START RAW DATA

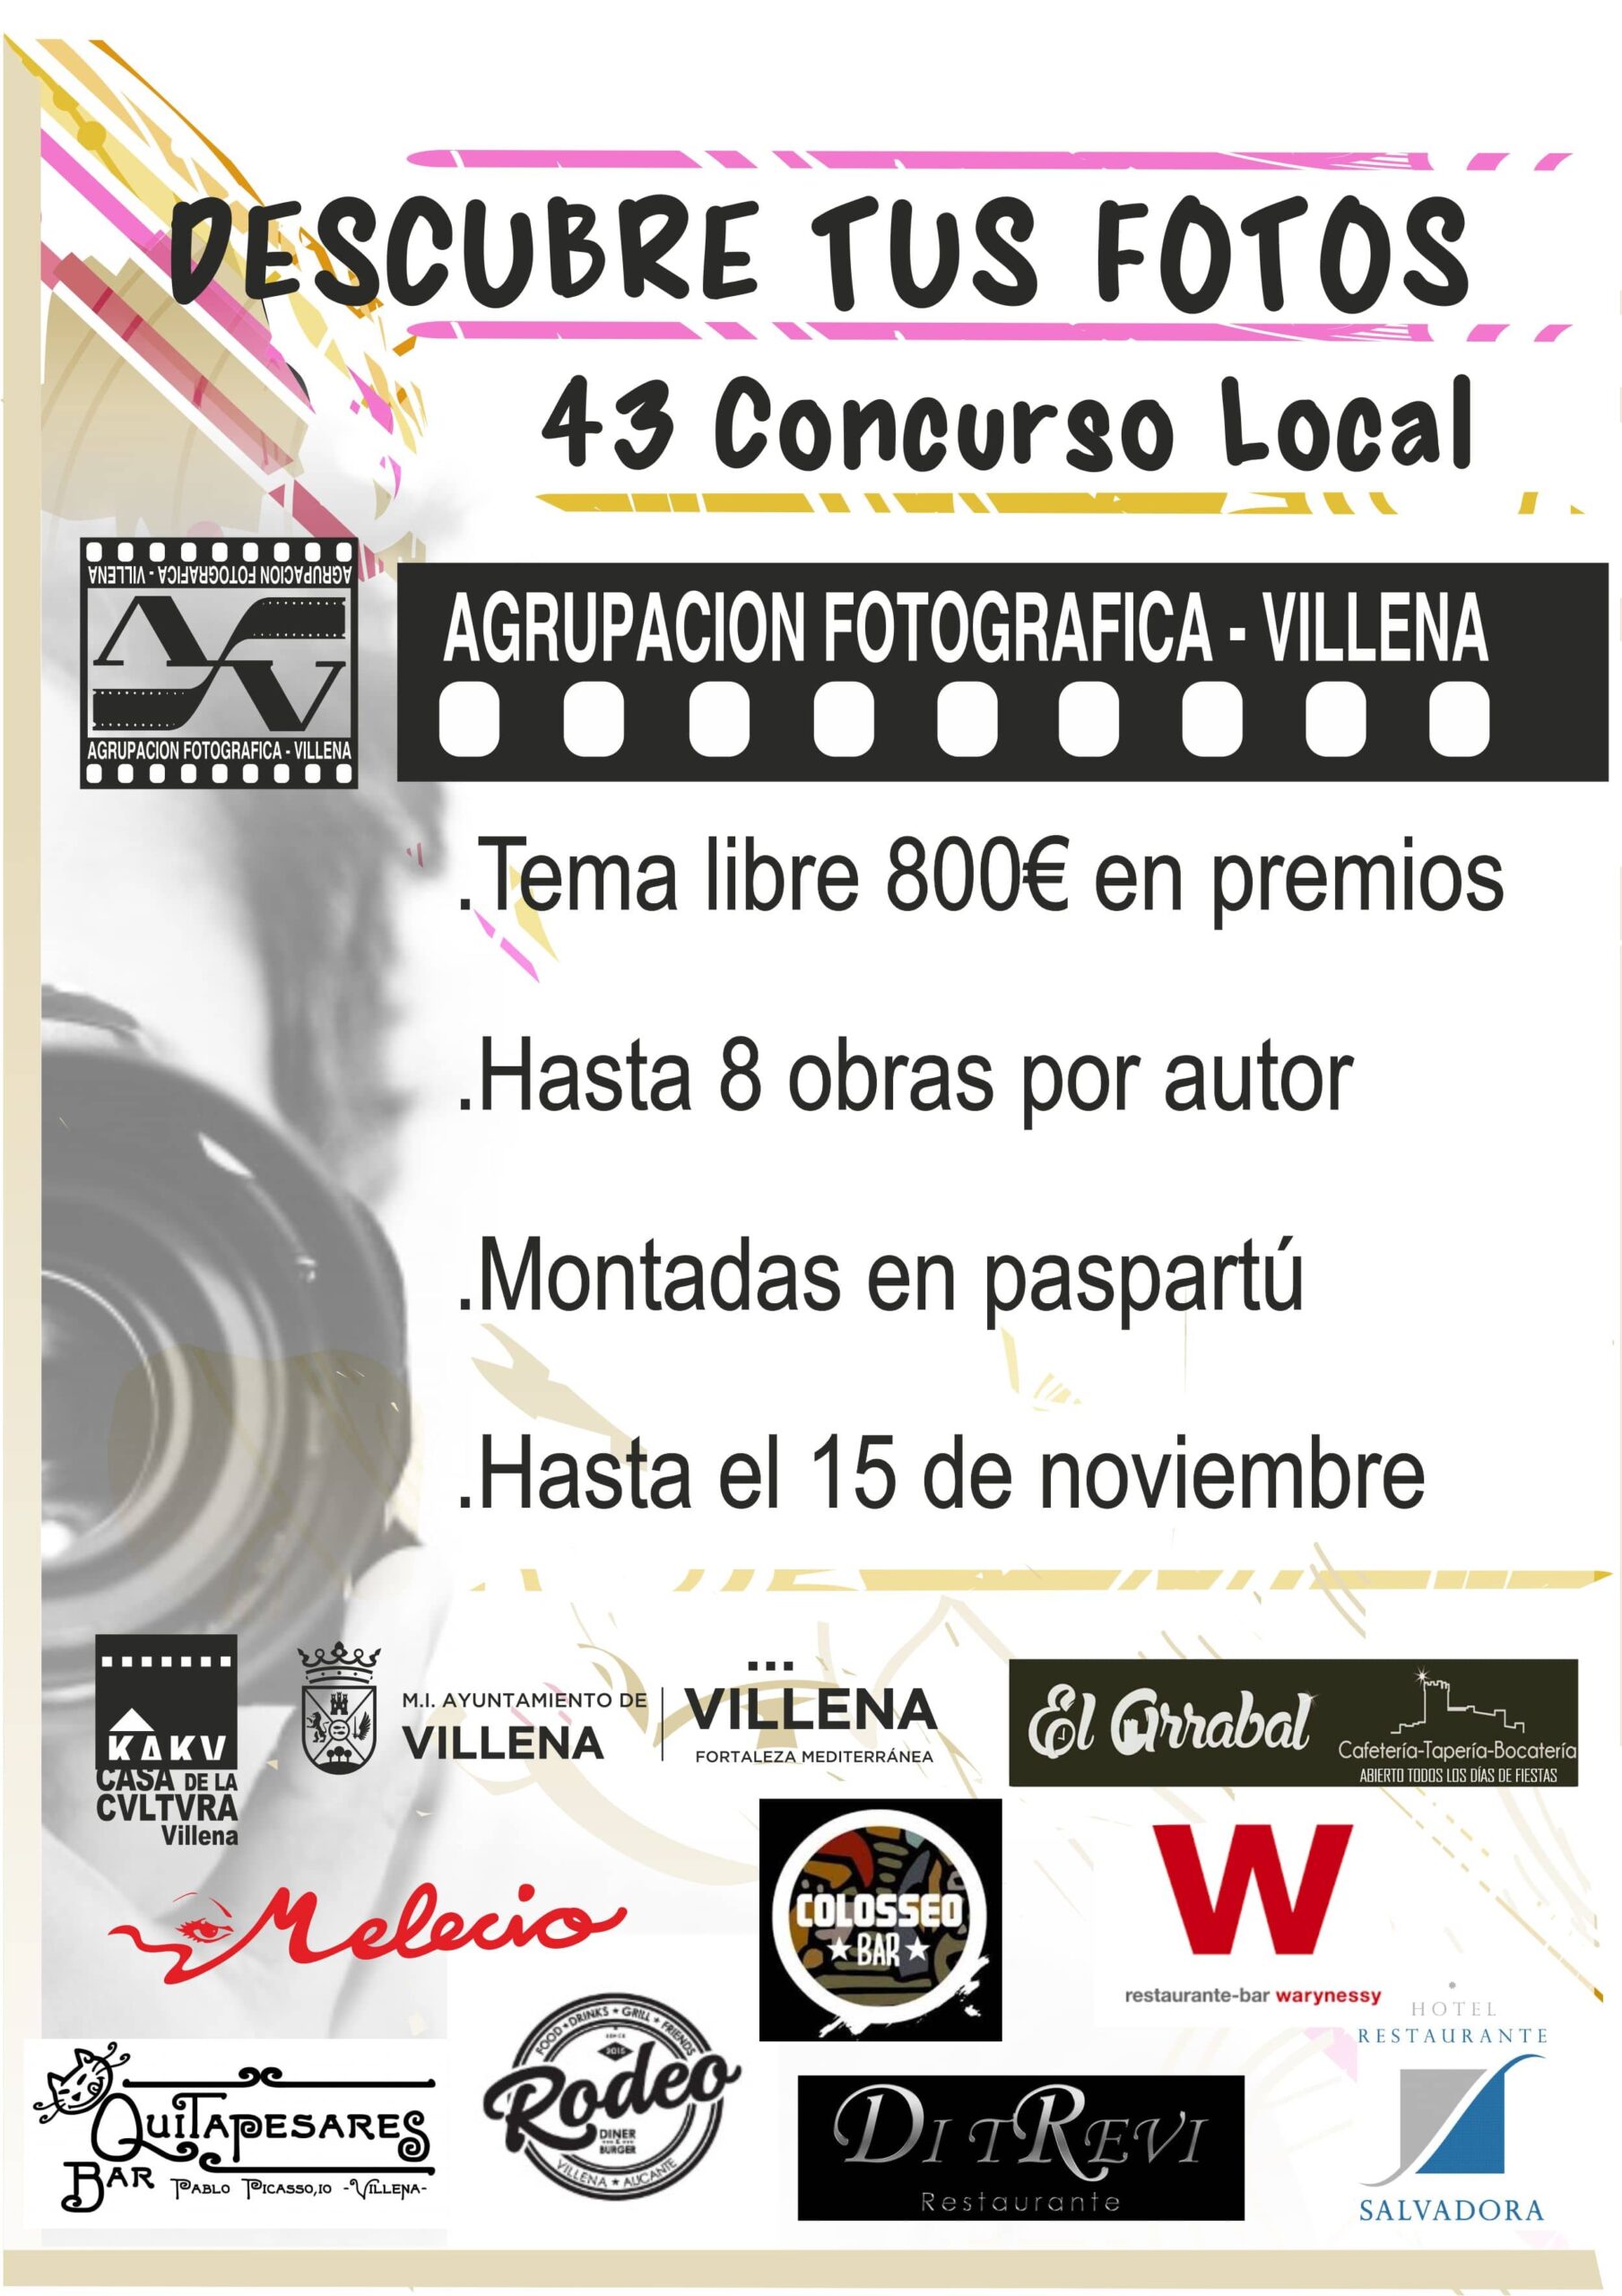 La agrupación fotográfica Villena organiza el 43 concurso local “Descubre tus fotos”
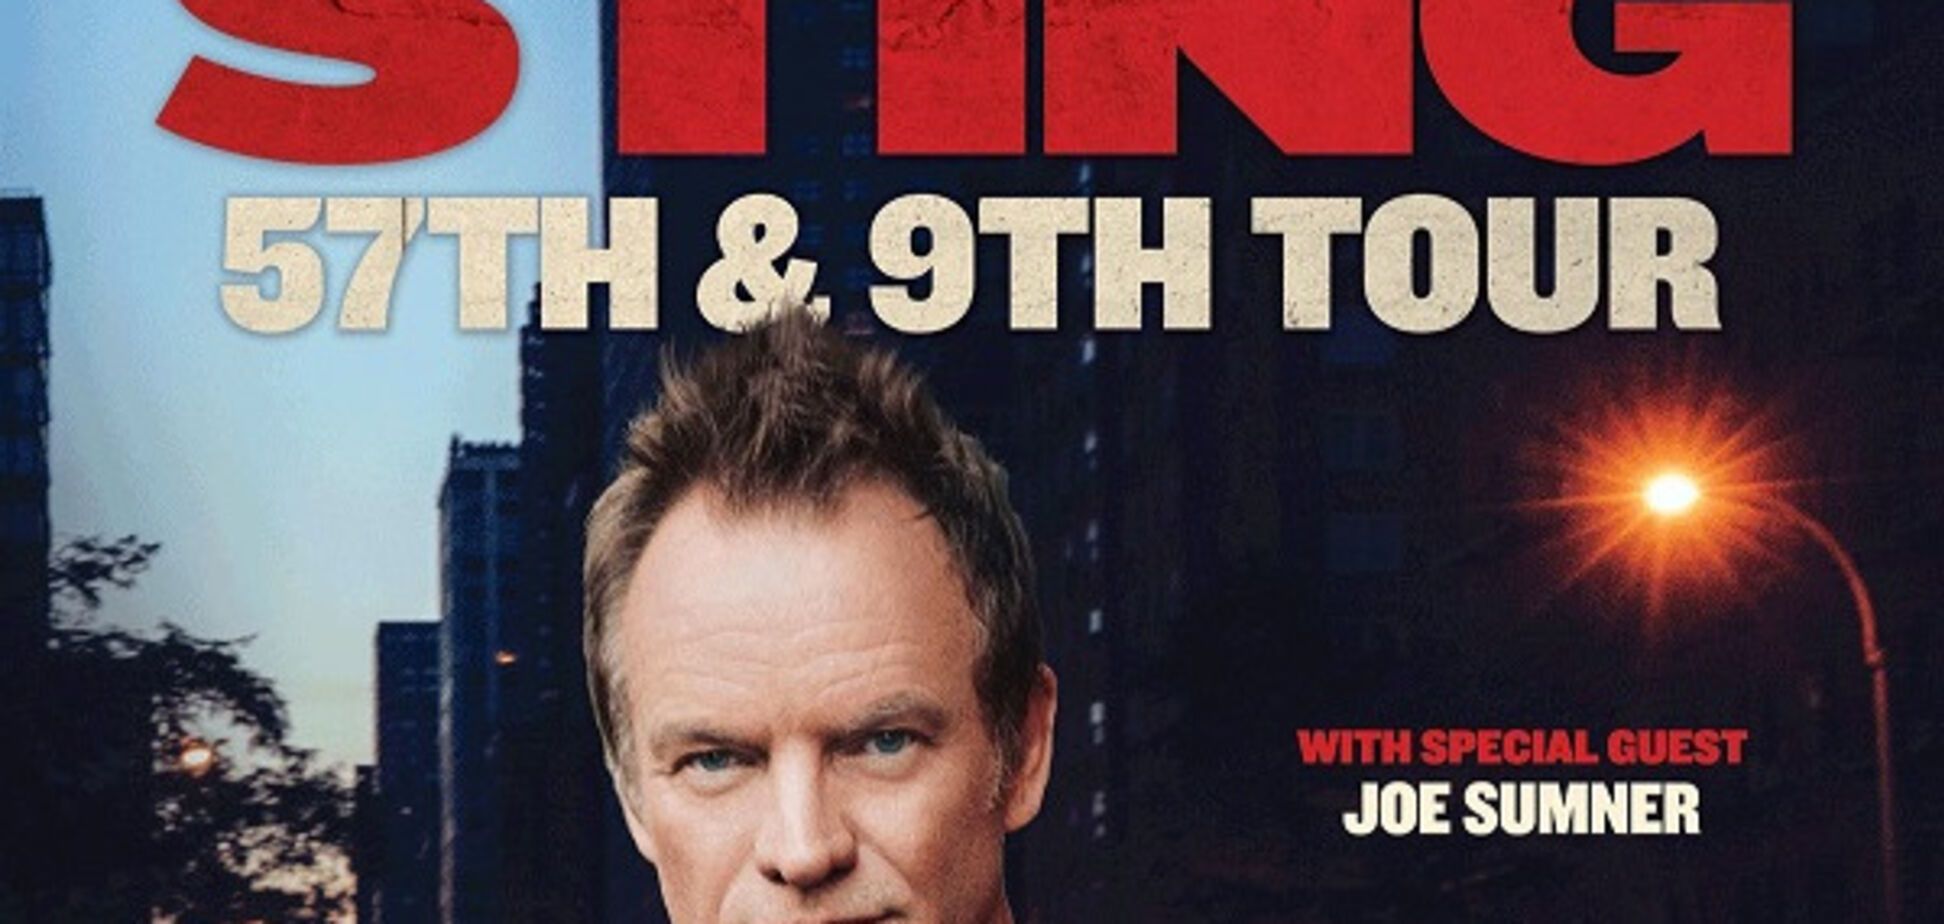 Всемирно известный певец и музыкант Sting выступит в Киеве
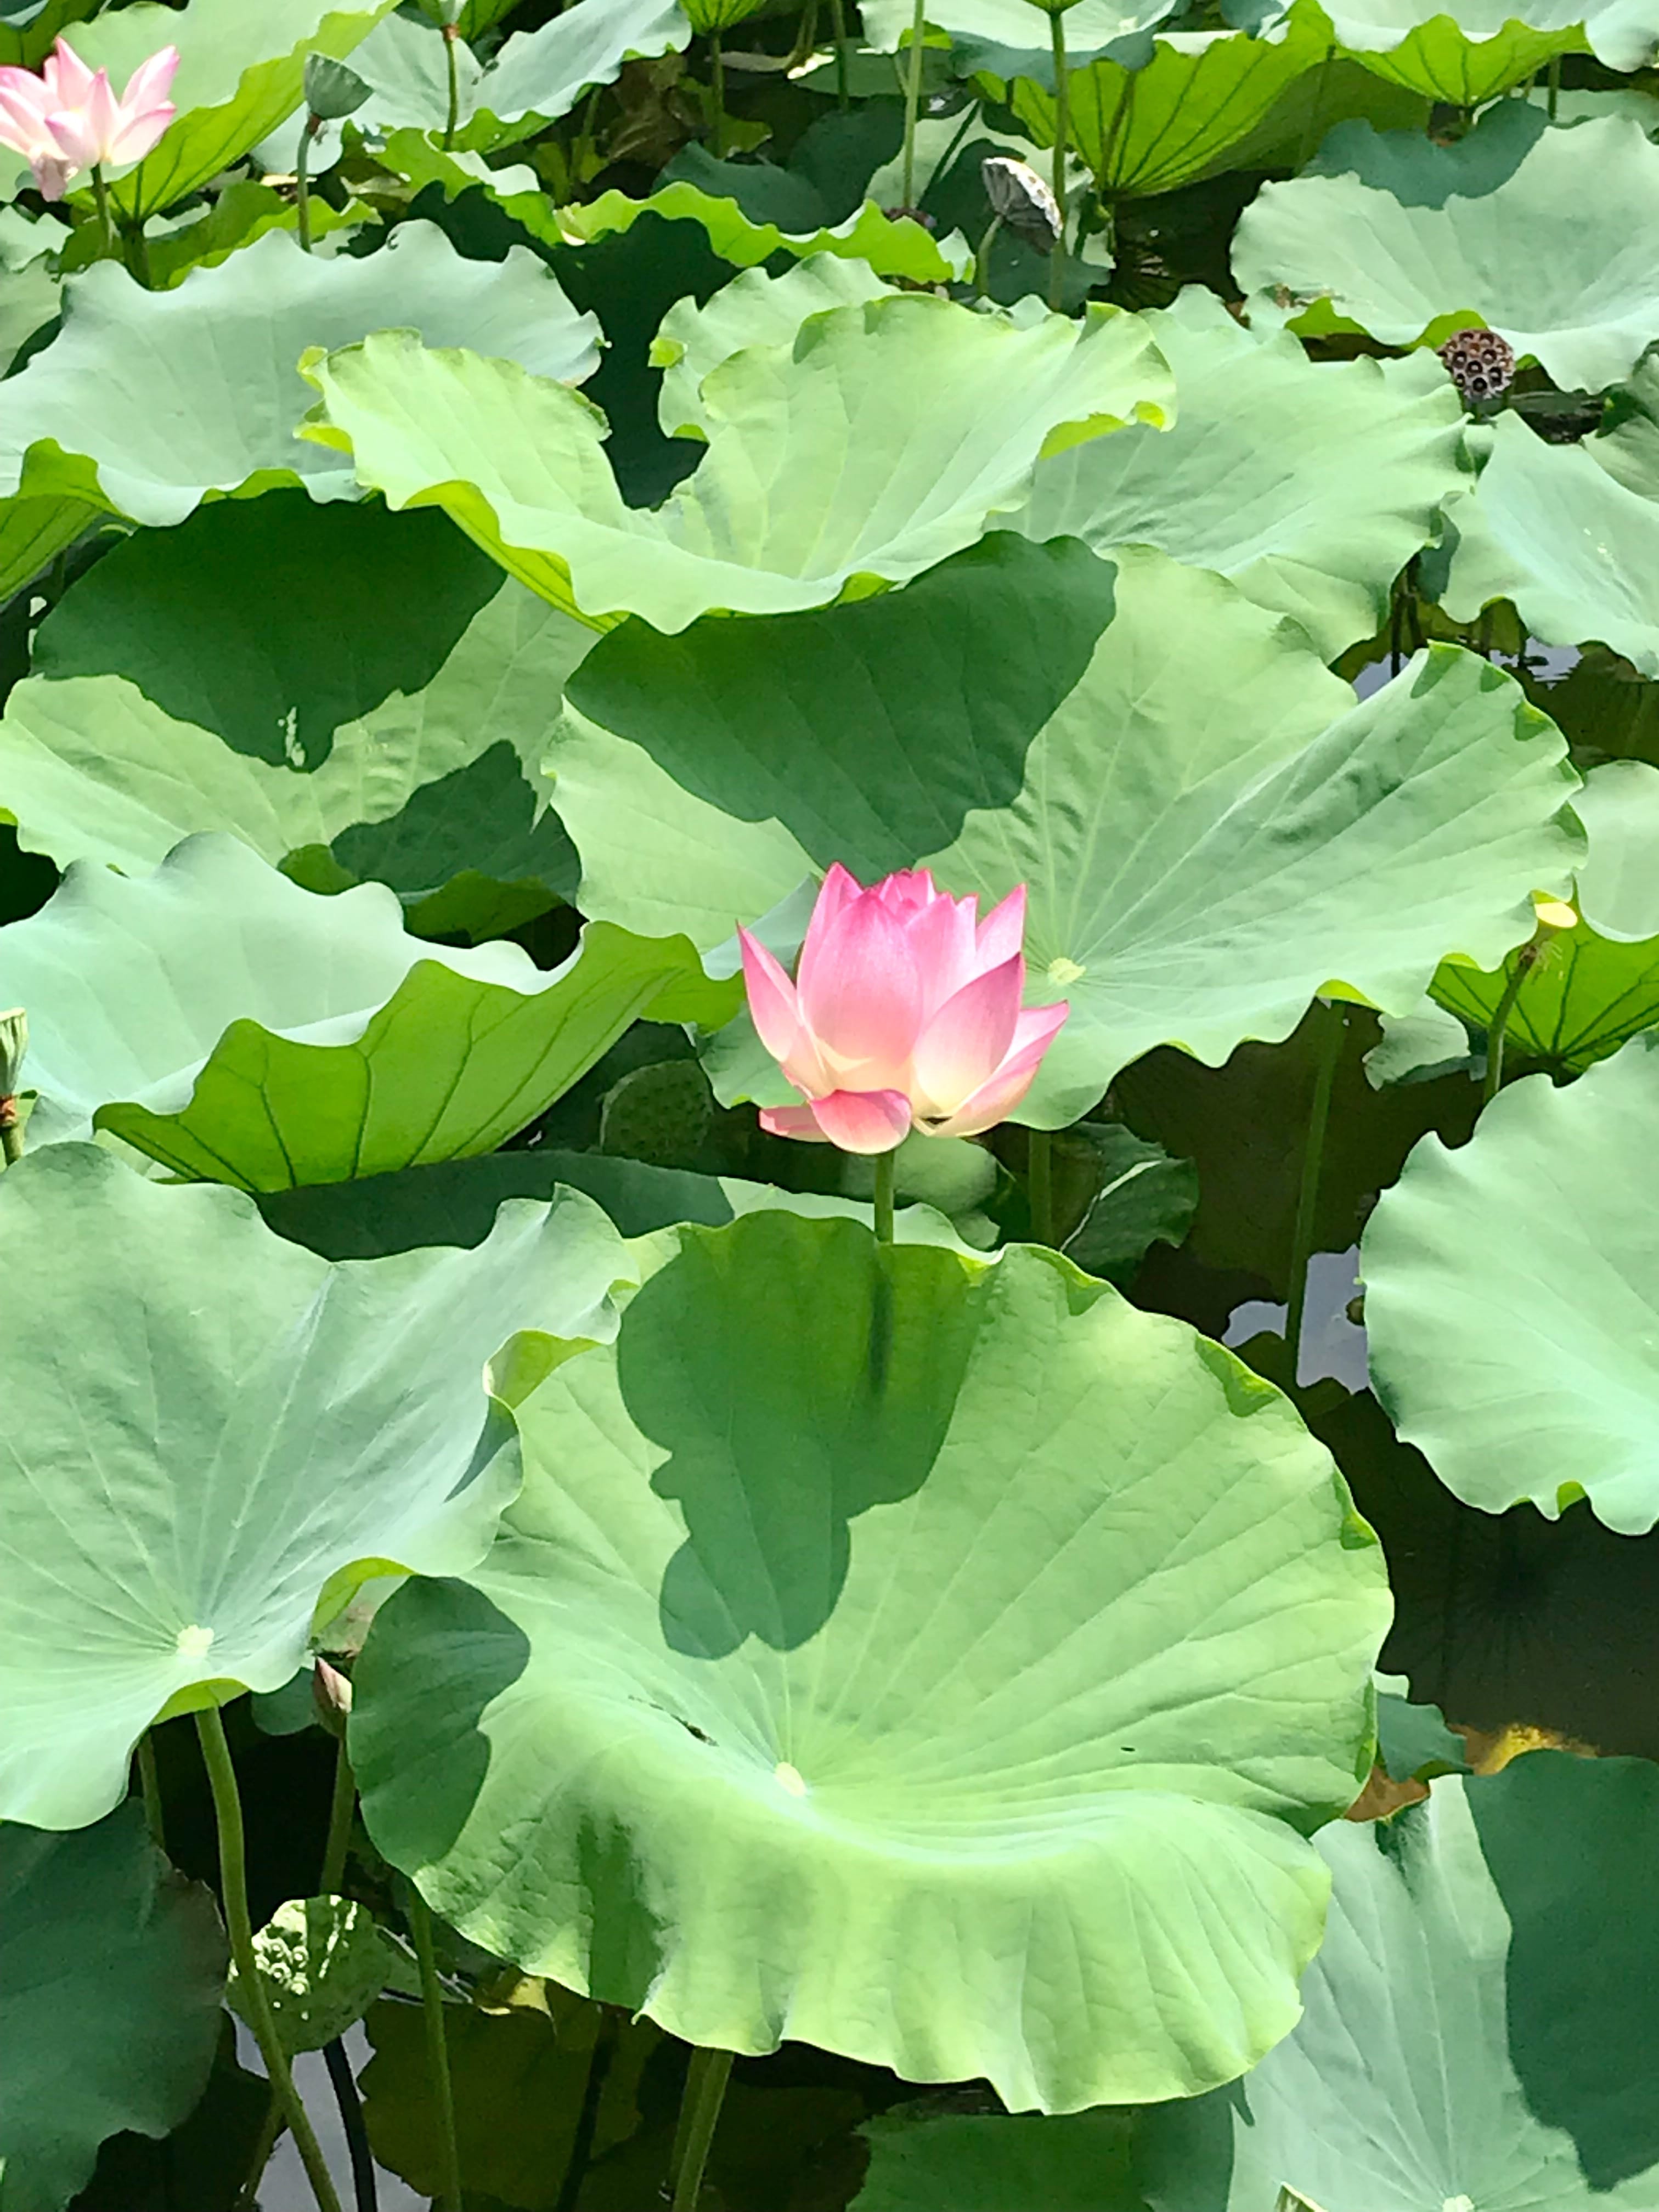 Lotus Flower in full bloom

END RAW DATA

**TASK DETAILS**
Could you set down the data exactly as given, minus its pictures?

**RESPONSE FOR THIS EXERCISE**
 La agrupación fotográfica Villena organiza el 43 concurso local “Descubre tus fotos”
 Всемирно известный певец и музыкант Sting выступит в Киеве
 Lotus Flower in full bloom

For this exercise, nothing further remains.